Genome Girl

BMAL1 Circadian Scandal!

Good morning genomes…

Guess who's back after a little academic exile? That’s right. School tried to slow me down, but like any good transcription factor, I persisted. And today, I’m coming in hot with some scandalous cellular tea you never knew you needed.

Word on the genome street is that your heart—not your love life—is at the mercy of time. That’s right. Apparently, when it comes to heart attacks, timing is everything. And no, I’m not talking about whether your ex texts you at 2am—I mean literal circadian timing.

Here’s the background scoop: just like we follow routines (matcha at 9, spiral at noon, existential crisis by 6), our cells do too. This is all thanks to circadian rhythms, ruled by the dynamic duo of transcription factors: BMAL1 and CLOCK.

Now BMAL1 has always been caught lingering near hypoxia-inducible factors—which are activated during oxygen deprivation. But what really goes down when oxygen ghosted your heart cells? Let me spill.

During a heart attack, cardiomyocites get deprived of oxygen—a phase we call ischemia. But when oxygen suddenly floods back in? You’d think they’d be thrilled, right? Wrong. This dramatic re-entry causes what’s known as reperfusion injury. Yep, oxygen came back too strong—classic ex behavior.
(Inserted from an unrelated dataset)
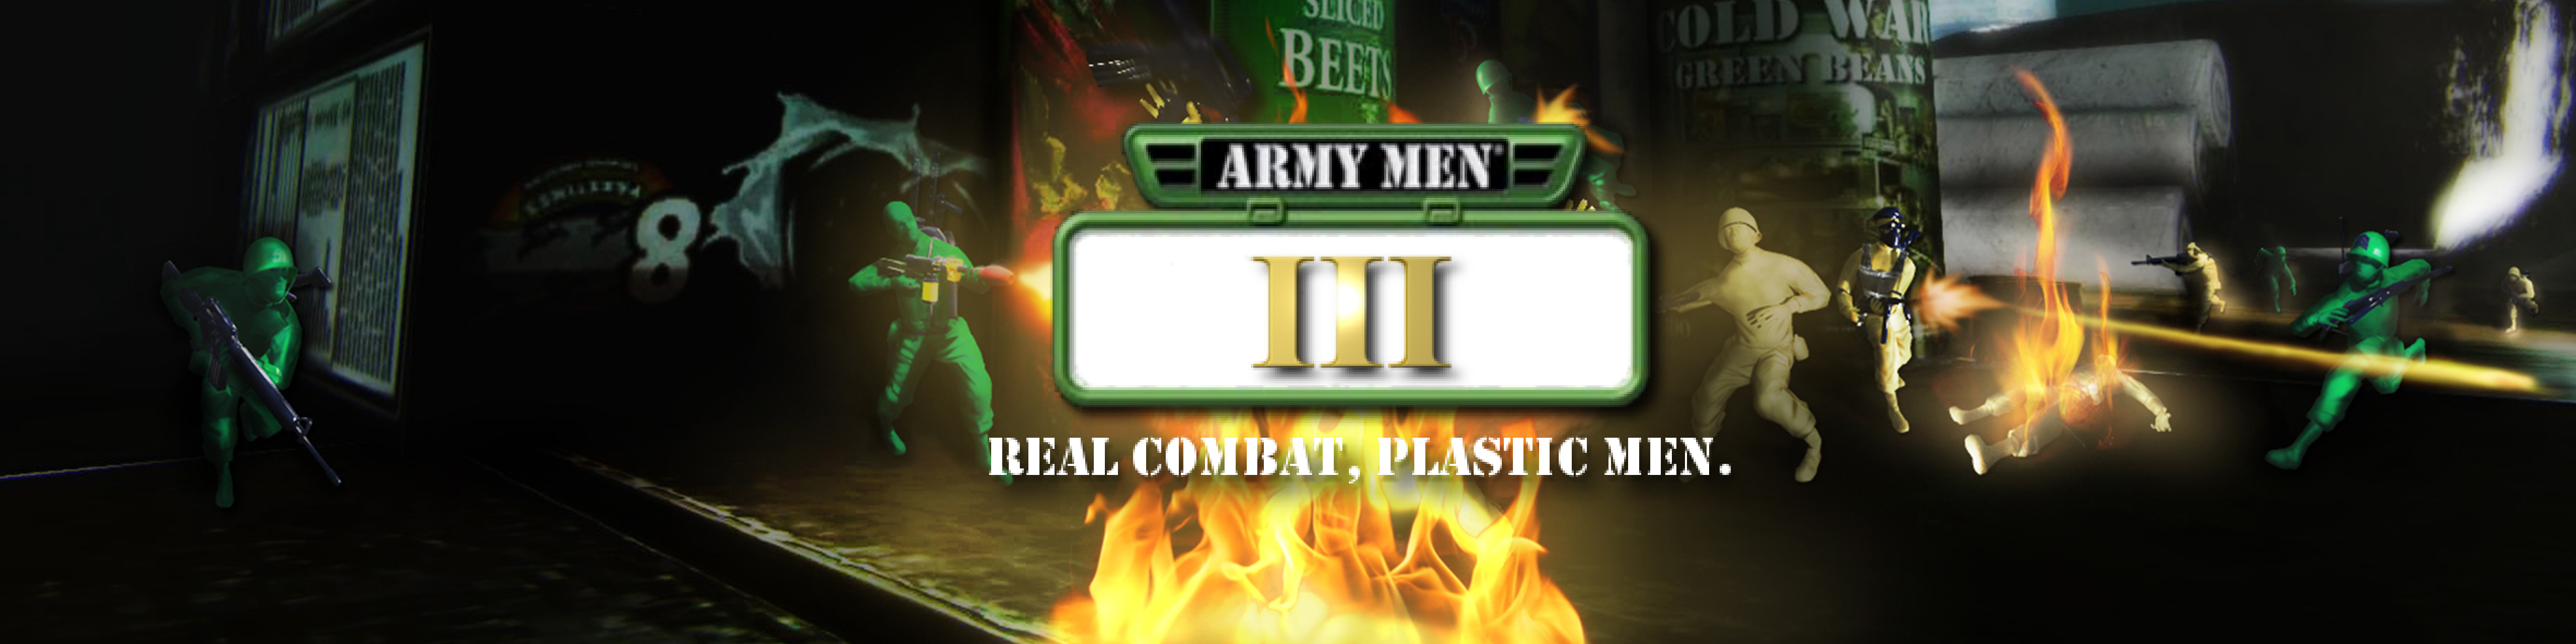 Army Men III

Here’s where it gets juicy: scientists found that BMAL1 doesn’t just mind its business—it forms a heterodimer with HIF2α to activate the Areg gene. Areg is that girl—it codes for a protein that helps fix up cardiac tissue like a true repair queen.

And of course, they had to test it on mice—our OG lab insiders. They deprived them of oxygen at different times of the day and found that the ones injured during the mouse equivalent of 3pm had the least damage. Turns out BMAL1 peaks at that time, casually saving hearts like a molecular Blair Waldorf.